Let $ F $ be a field and consider the polynomial ring $ F[x] $. I know that $ F[x] $ is a principal ideal domain and so the ideal $\langle x^{n - 2} - x^{n - 1}, x^{n - 3} - x^{n - 1}, \dots, x - x^{n - 1}, 1 - x^{n - 1} \rangle $ is generated by a single element in $ F[x] $. My guess is that $$ \langle x^{n - 2} - x^{n - 1}, x^{n - 3} - x^{n - 1}, \dots, x - x^{n - 1}, 1 - x^{n - 1} \rangle = \langle 1 - x \rangle. $$
I have proven that $ \langle x^{n - 2} - x^{n - 1}, x^{n - 3} - x^{n - 1}, \dots, x - x^{n - 1}, 1 - x^{n - 1} \rangle \subset \langle 1 - x \rangle $, but I am struggling to prove the other direction.

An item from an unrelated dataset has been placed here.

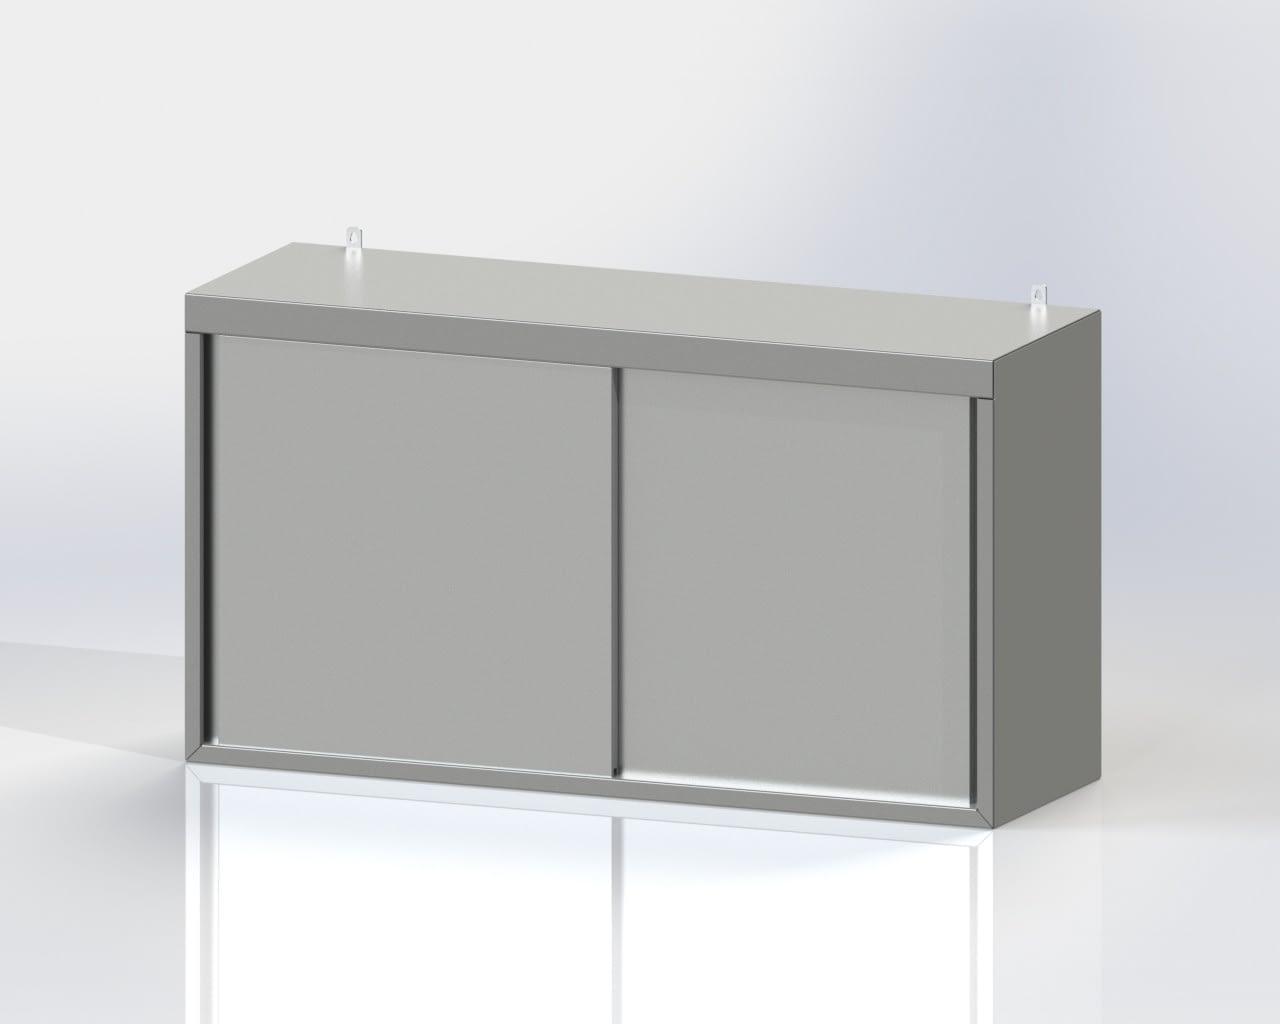 Wall Mount Cupboard/Sliding Doors

My approach is to write an element $ f(x) = \sum_{i = 0} a_{i} x^{i} $ in $ \langle 1 - x \rangle $ in the form $ f_{1}(x^{n - 2} - x^{n - 1}) + f_{2}(x^{n - 3} - x^{n - 1}) + \dots + f_{n - 2}(x - x^{n - 1}) + f_{n - 1}(1 - x^{n - 1}) $ for $ f_{i} \in F[x] $.
If the degree of $ f $ does not exceed $ n - 2 $, then I can construct $$ f(x) = a_{0}(1 - x^{n - 1}) + (a_{1} - a_{0})(x - x^{n - 1}) + (a_{2} - a_{1})(x^2 - x^{n - 1}) + \dots + (a_{n - 3} - a_{n - 4})(x^{n - 3} - x^{n - 1}) + (a_{n - 2} - a_{n - 3})(x^{n - 2} - x^{n - 1}).$$ This implies $ f(x) \in \langle x^{n - 2} - x^{n - 1}, x^{n - 3} - x^{n - 1}, \dots, x - x^{n - 1}, 1 - x^{n - 1} \rangle $, but this fails when $ \deg(f) > n - 2 $.
We know that every element in the ideal $\langle 1-x\rangle$ is a multiple of $(1-x)$, so:
$$f(x) = (1-x) \sum_{i = 0}^m a_{i} x^{i}$$
Generate $1-x$ simply by subtracting the second-to-last element in the basis from the last:
$$(1-x^{n-1}) - (x-x^{n-1}) = 1-x$$
We're mostly done:
$$f(x) = [(1-x^{n-1}) - (x-x^{n-1})] \sum_{i = 0}^m a_{i} x^{i}$$
Just set the other coefficients to zero.